Please help me understand how the equality of two angles lead us to $| \dfrac{dv}{dt} | = | \dfrac{dv_y}{dt} |$

 

[TSny]

3m/s. But I'm still not satisfied why they would become equal to each other.

$\small v = \sqrt{v_x^2+v_y^2}$. What is $\small v_x$ after a 90^o turn?

 

[utkarshakash]

$\small v = \sqrt{v_x^2+v_y^2}$. What is $\small v_x$ after a 90^o turn?

Nice. Thanks for having so much patience to guide me.

 

[TSny]

I agree $\small \alpha = \small \beta$

Please help me understand how the equality of two angles lead us to $| \dfrac{dv}{dt} | = | \dfrac{dv_y}{dt} |$

Using the figure in post #6, consider the projection of the net force onto the tangent line of the trajectory. Compare that with the projection of the net force onto the vertical (y) direction.

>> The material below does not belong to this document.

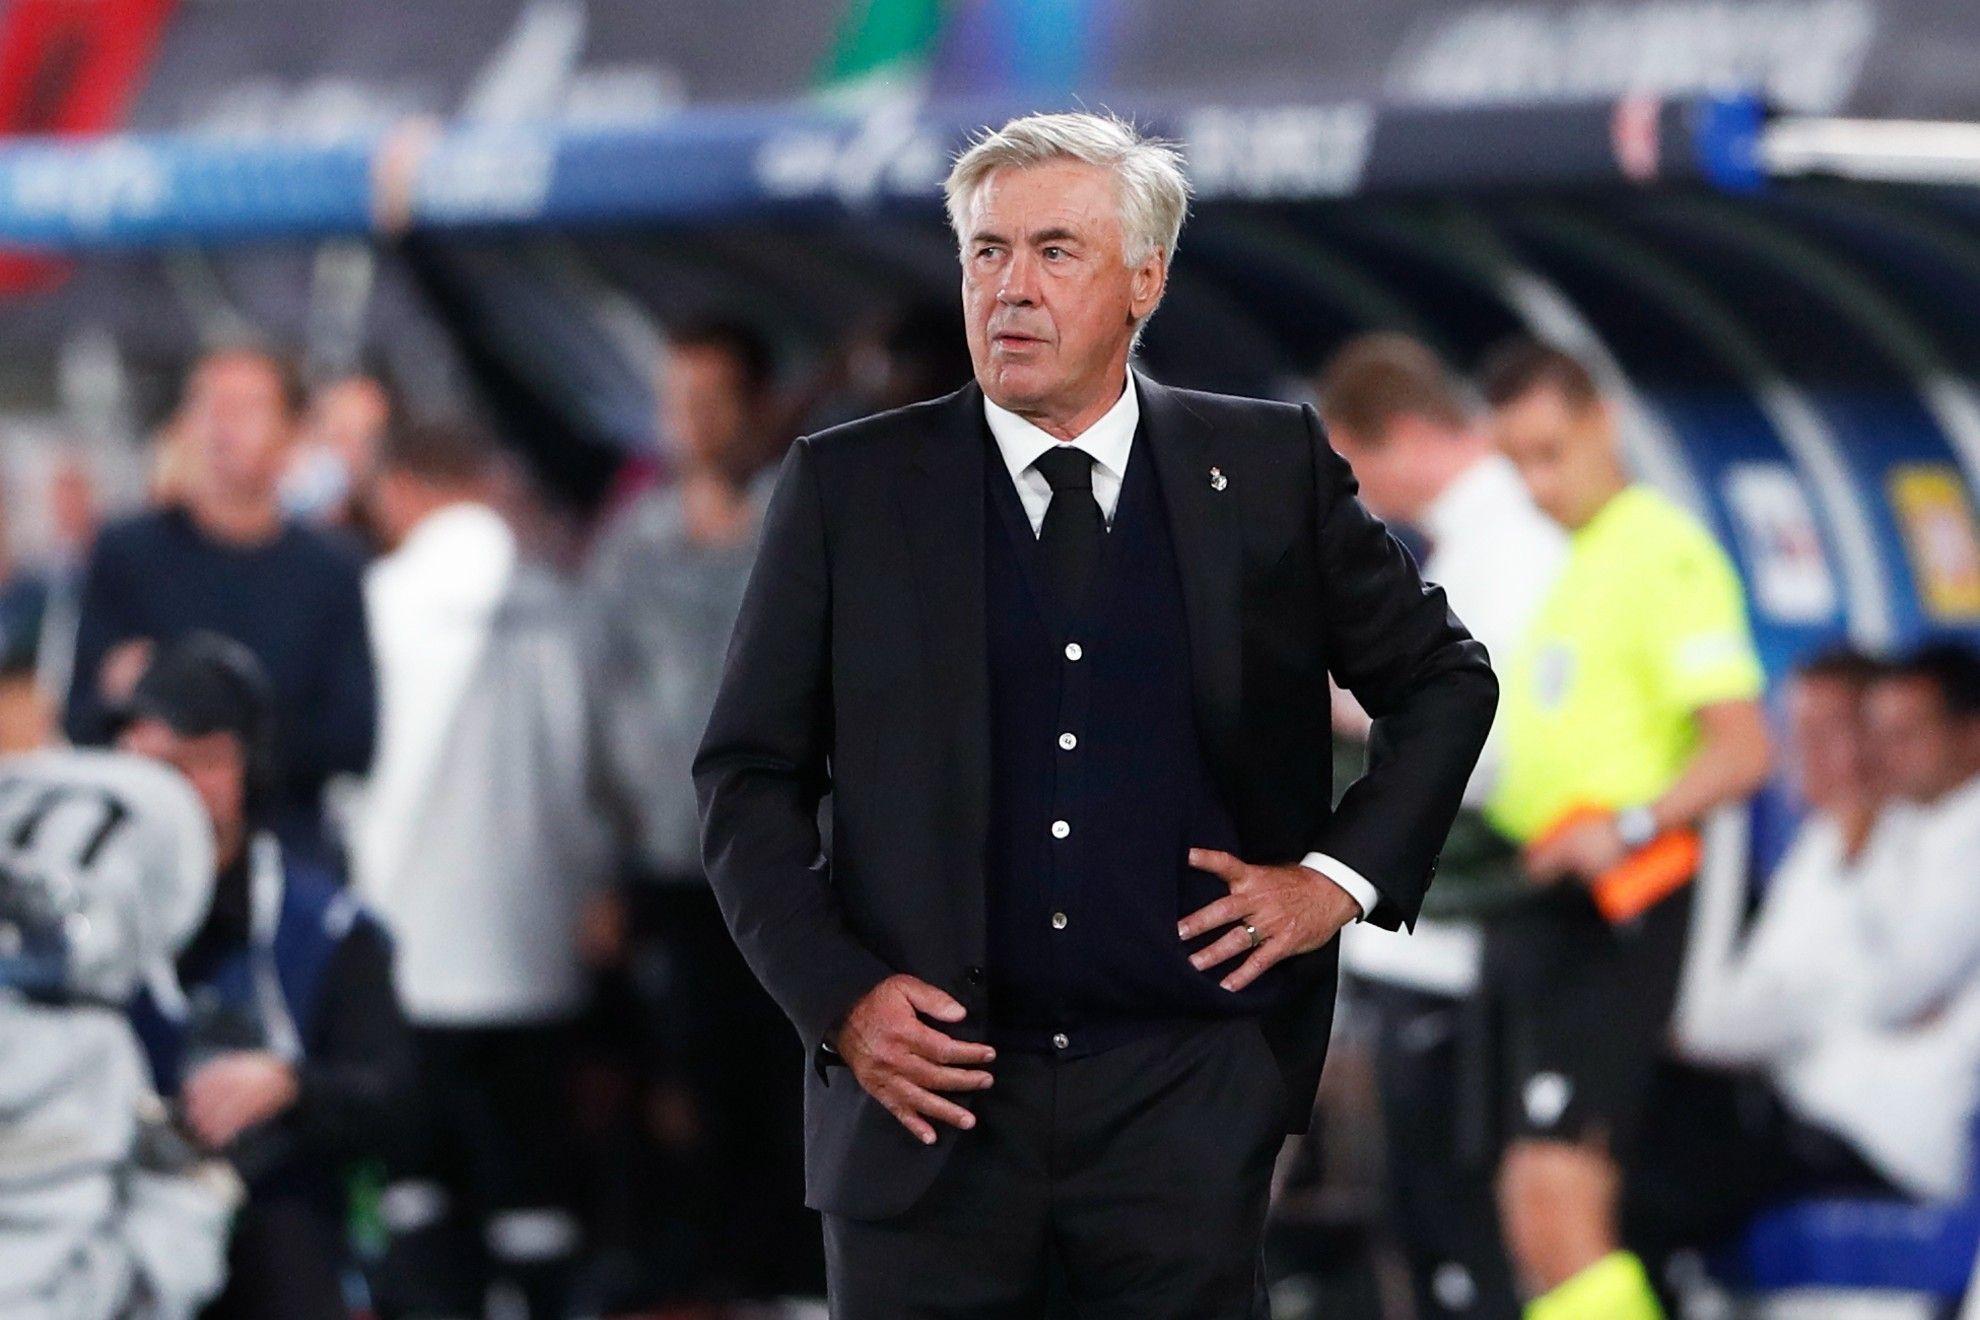 Real Madrid coach Ancelotti to face to tax evasion trial

What does Newton's second law then tell you about the tangential- and y-components of acceleration: a_t and a_y?

How is tangential acceleration related to the rate of change of speed of the particle?

-------
Edit: Or you can use the figure attached here to see that the magnitude of the net force in the y-direction equals the magnitude of the net force along the tangent line.

 

[utkarshakash]

$\small v = \sqrt{v_x^2+v_y^2}$. What is $\small v_x$ after a 90^o turn?

Your method is absolutely brilliant. May I know how did it occur to you at first glance? (just curious )

 

[Vibhor]

I am just trying to get to the root of my confusion .

Am I right if I say $$ \dfrac{dv}{dt} ≠ qE $$ ?

 

[TSny]

May I know how did it occur to you at first glance?

It was not at first glance at all. I did not see the simple approach based on the diagram until after I had blindly proceeded to solve the same differential equations that you found in post #3:

qE(1- \sin \theta ) = m \frac{dv_y}{dt} \\ -qE \cos \theta = m \frac{dv_x}{dt}

Dividing these, you get $\large \frac{dv_x}{dv_y} = -\frac{\cos\theta}{1-\sin\theta}$

Using $v_x = v\cos\theta$ and $v_y = v\sin\theta$ you can get a differential equation for $\frac{dv}{d\theta}$ which can be integrated to get the solution

$\large v = \frac{v_0}{1+\sin\theta}$.

This simple result made me step back and look for a more direct way to get the answer. Somewhere in working with the equations, I had noticed $\frac{dv}{dt} = -\frac{dv_y}{dt}$ and that this was the key to a simple solution. Then I realized that this relation could easily be deduced from the force diagram.

So, it was a very circuitous route. I wish I could say that I had the insight to see the simple solution straightaway, but I didn't.

 

[TSny]

I am just trying to get to the root of my confusion .

Am I right if I say $$ \dfrac{dv}{dt} ≠ qE $$ ?

$\large \frac{dv}{dt}$ is the tangential acceleration. So, $\large \frac{dv}{dt} = \frac{F_{t}}{m}$ where $F_t$ is the net tangential force acting on the particle.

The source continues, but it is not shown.